The Enchanted Cottage is an old-fashioned weepie melodrama, It is the sort of film that could have only been produced in the 1940s. Everything is made to a ludicrously melodramatic extreme the tone alternates between either wailing self-pity and ridiculous self-sacrifice to absurd little homilies on the saving power of true love. Yet somehow or another it all works in a schmaltzy way, although the end explanation about how the other person becomes perfected in the others eyes because they see through the eyes of love is pure tosh. The transformation scenes are well handled the careful balance between whether the transformation is real or not is no surprise when one sees the name of DeWitt Bodeen, the author of Cat People (1942) and a number of Val Lewtons psychological horror films listed on the credits.

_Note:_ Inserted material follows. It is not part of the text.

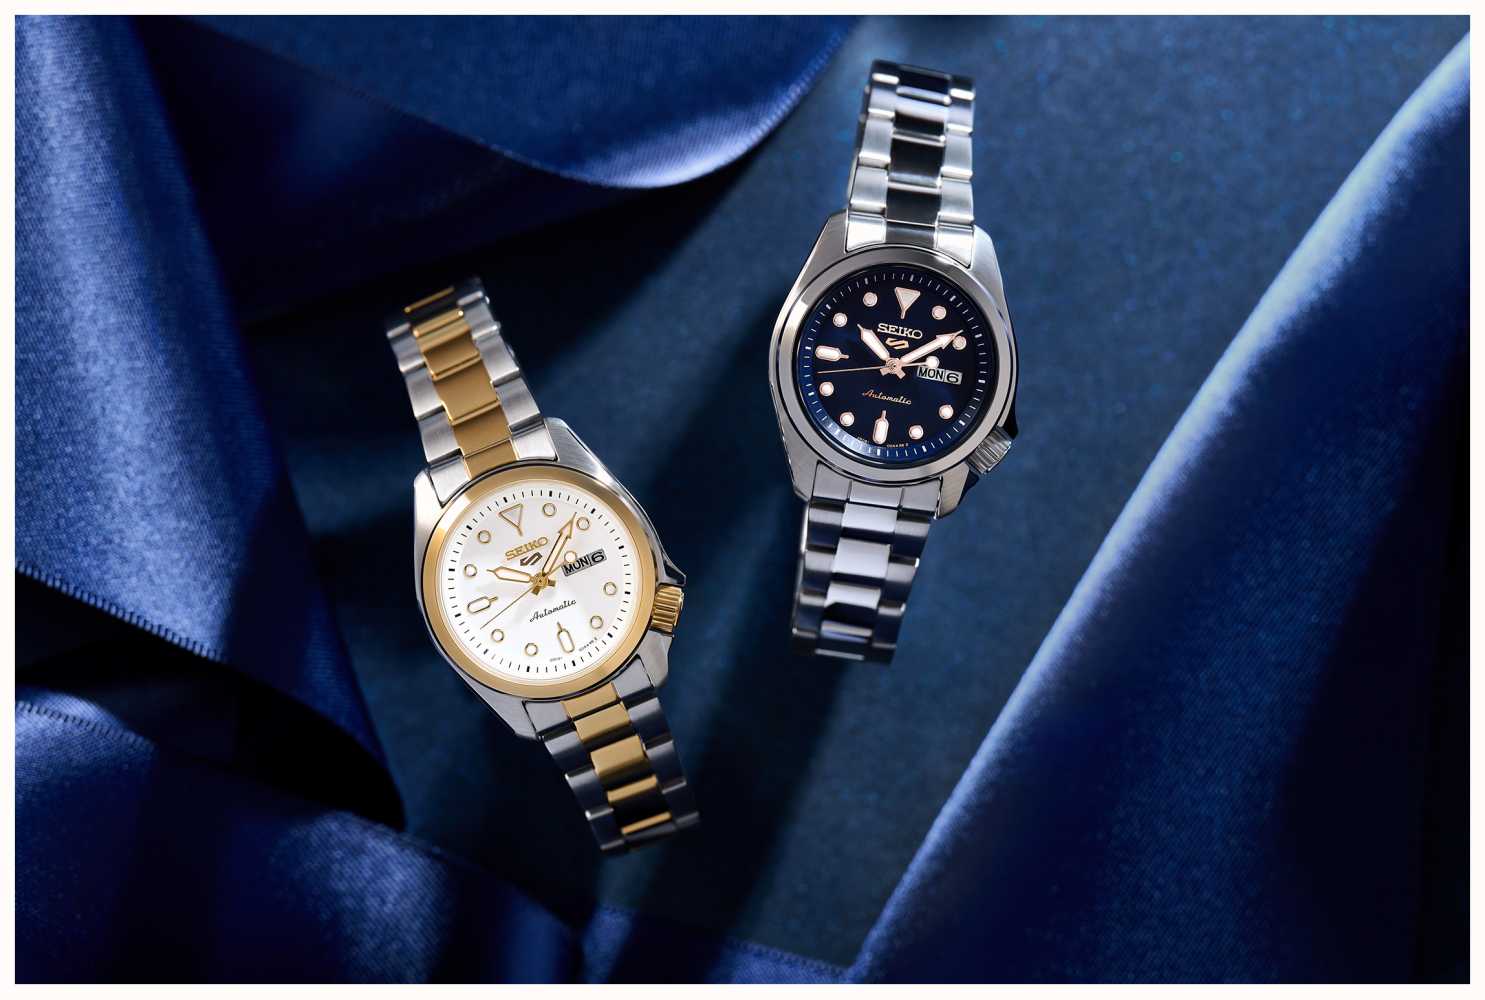 First Automatische 5 Seiko Class | Sport 28mm Blaues Kompakt Watches™ Uhr - Zifferblatt | | DEU SRE003K1

Dorothy McGuires self-sacrificing performance is hard-going, but Robert Young plays with a self-pitying harshness that is not too bad. The best performance comes from Mildred Natwick who blends both sternness and genteel in what would otherwise be a throwaway role.
The film is made on the cheap the painted backdrop of the rest of the burnt house is painfully obvious. The film can never make up its mind where its location is meant to be it gives the appearances of being on the English coast, but the coastline is never seen in anything other than painted backdrop, while accents waver wildly between American and English.
There was an earlier silent version of the story, The Enchanted Cottage (1924). Both films are based on a popular play by Sir Arthur Wing Pinero that first played in England in 1923, which wrote the story in terms of a serviceman from World War I.